Wczoraj po północy pracownik obsługujący monitoring miejski powiadomił dyżurnego z komisariatu na Przymorzu, że ktoś włamuje się do pomieszczenia zajezdni tramwajowej w Jelitkowie.
W ciągu kilku minut patrol z Przymorza pojawił się we wskazanym miejscu. Najpierw policjanci zatrzymali 16-letniego gdańszczanina, który stał na tzw. czatach. Po chwili w ręce mundurowych wpadł jego 18-letni kompan, który plądrował pomieszczenie zajezdni, w poszukiwaniu cennego łupu.

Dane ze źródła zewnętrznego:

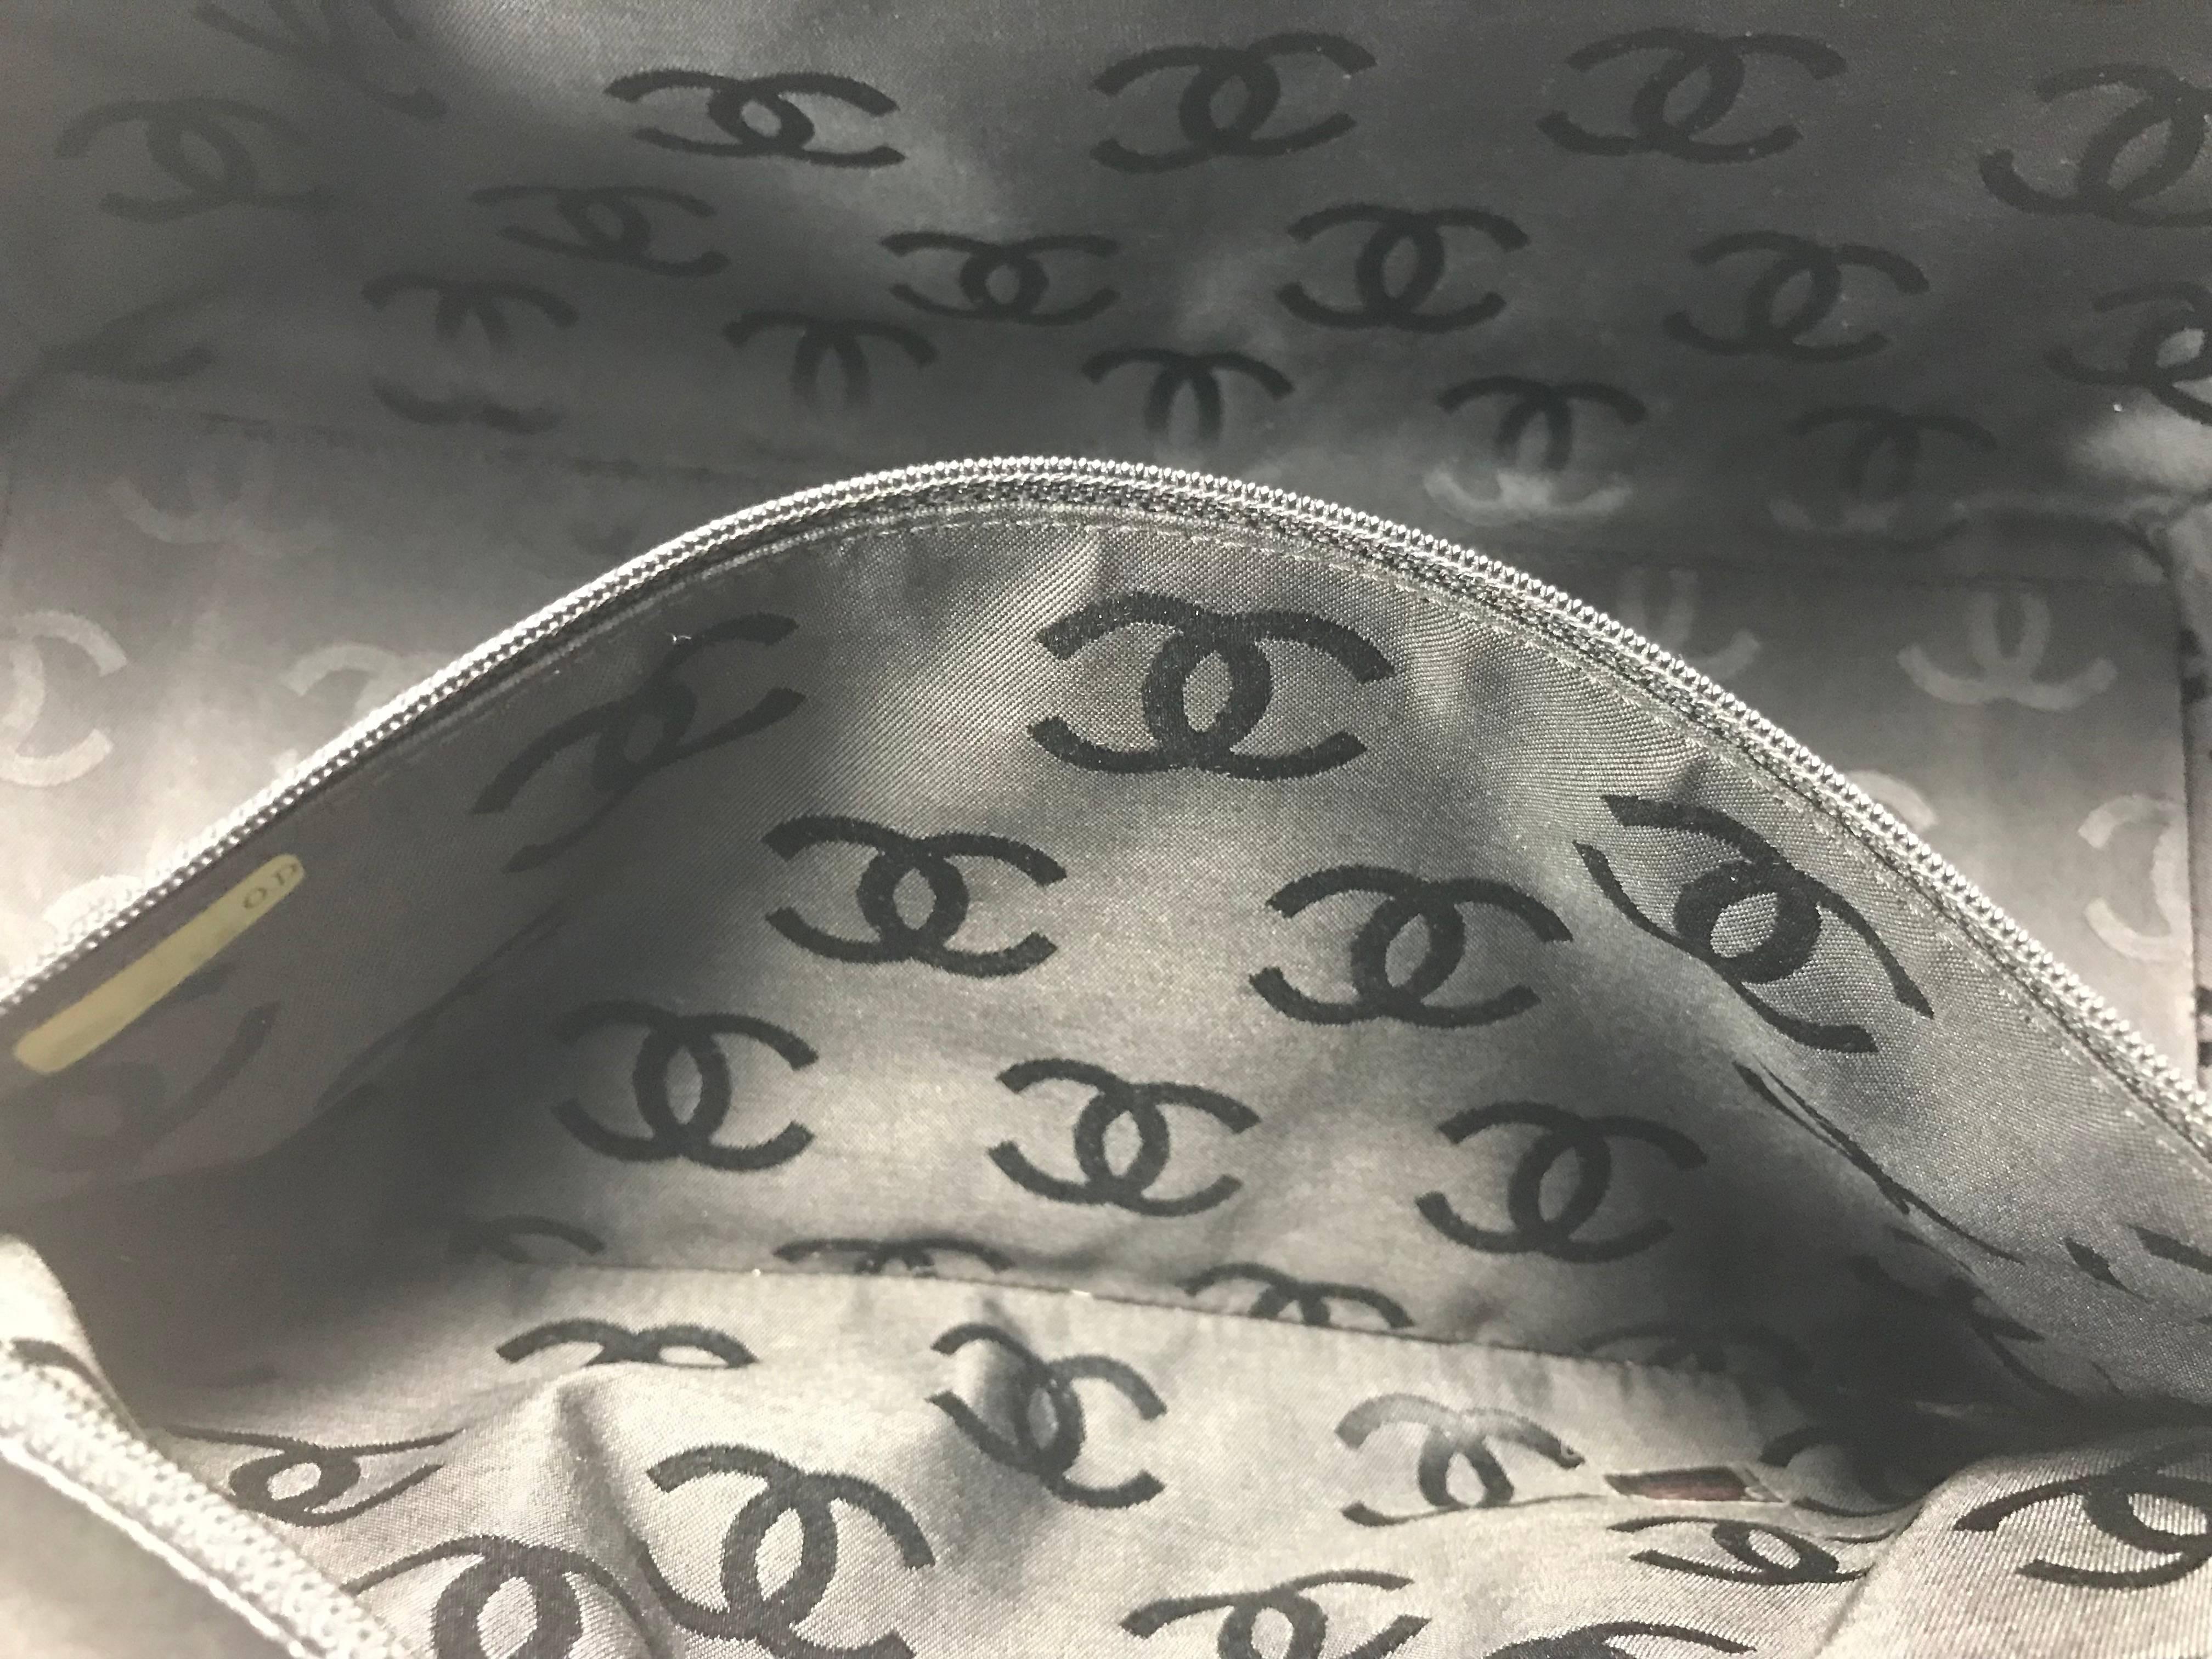 Chanel Quilted Leather Wild Stitch Tote in Black Tote Bag 4

Dzięki szybkiej reakcji mundurowych włamywacze nie zdążyli wynieść ze środka nic cennego.
18-letni sprawca włamania został przewieziony do policyjnego aresztu, natomiast jego młodszy o dwa lata kolega noc spędził w policyjnej izbie dziecka. 16-latek był już wcześniej notowany za włamanie, zmuszanie do określonego zachowania i oszustwo.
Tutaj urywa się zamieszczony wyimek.